Gaela’s lips parted eagerly.
“The rootwaters,” Regan murmured, drifting toward the window. “They’ll accept me.”
“You?” Gaela stalked after her, took her arm harshly, and spun her sister around. “Me. I will be king.”
“Connley is dead,” Regan insisted, as if it meant anything. Would prove something.
“No, you are Connley! And I am Astore. We are Innis Lear, sister, as has always been our intention. No stars. We will make our own meaning. Let us go now to the throne room and declare it so!” Gaela laughed.

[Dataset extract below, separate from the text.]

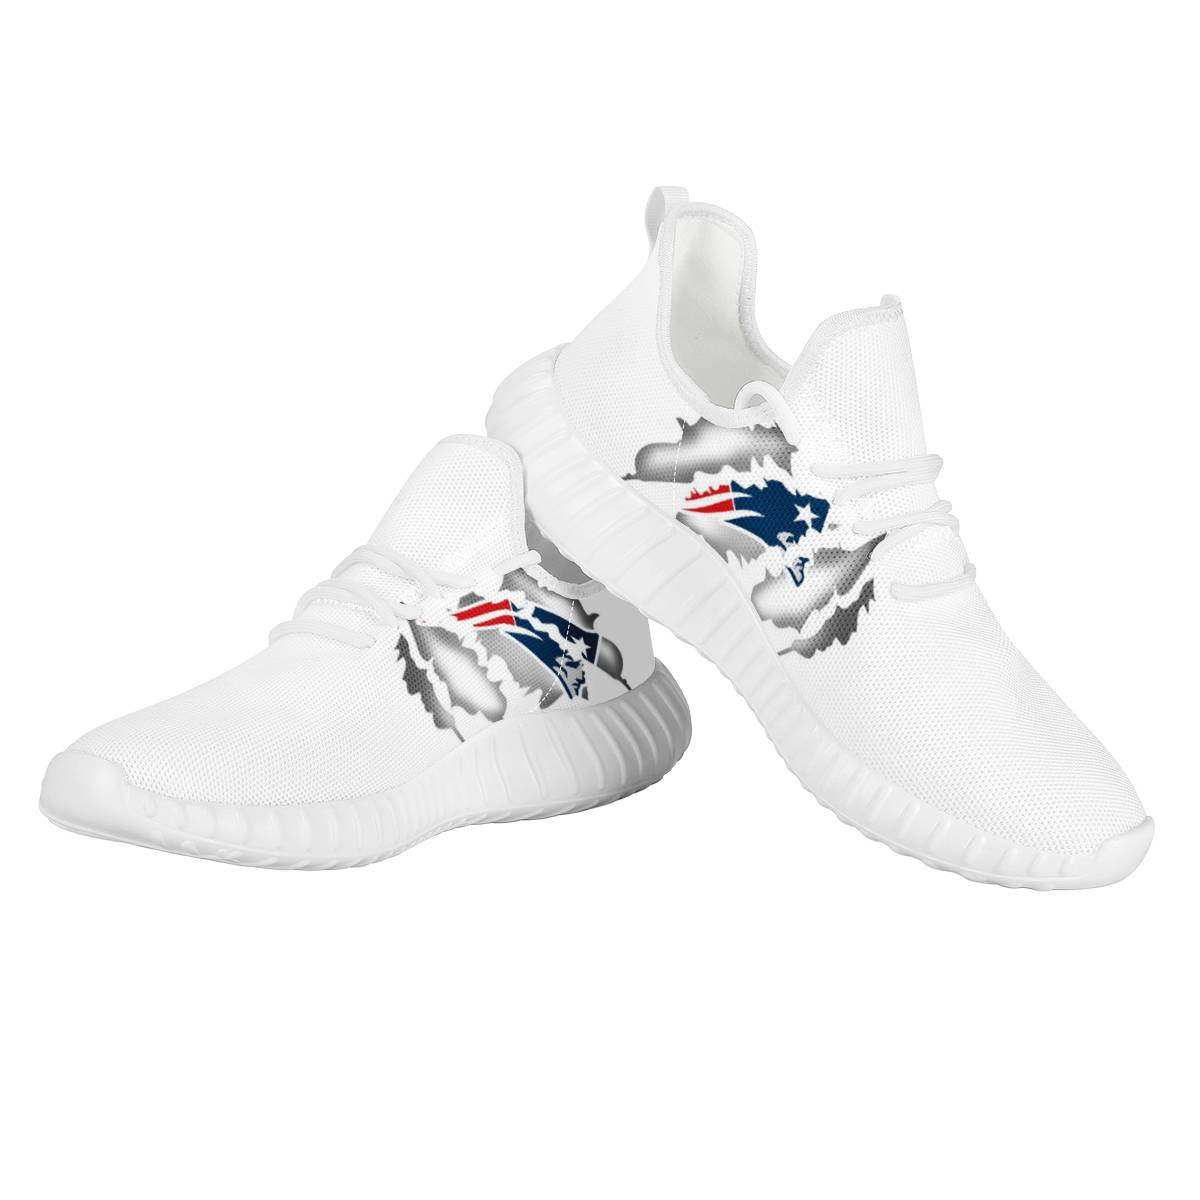 Men's New England Patriots Mesh Knit Sneakers/Shoes 014

Ban shook his head, knowing in his gut what he said was true: “The rootwaters must accept you. The island. Not the people. Whatever ritual is done on the Longest Night, that is what you must do to win the crown. Then the people will follow, only after that. Even Elia will agree to support your claim, if the island accepts you.”
Regan nodded slowly. “Yes. Yes, Gaela. Let us go together. Now. To the rootwaters of the Tarinnish. By morning we will be the queens of Innis Lear and nothing will stop us.” She picked up her cup and drank all its wine, lifting her chin to reveal her tender, vulnerable throat. When she finished, the redness clung to her lips like blood.
Gaela lifted her cup in salute, and smiled.
Ban the Fox did not smile, because outside the wind blew voicelessly still.
ELIA
THROUGH THE COLD night came a summons:
Elia of Lear.
Elia.
She’d been dreaming of something, but it was gone now, leaving only flowery vestiges in her memory.
Elia sat up in the small bed, awake.
Silence—but for the wordless wind and the crackle of straw as her own body settled.
Elia.
It was the trees.
Leaping to her feet, Elia grabbed her boots and shoved them on. Fumbling for her overdress, she was glad it laced up the sides instead of the back; Aefa stayed every night with her parents, and couldn’t have helped tie anything tonight. The days had grown colder, so Elia grabbed the wool blanket from the bed and wrapped it over her shoulders before stepping outside.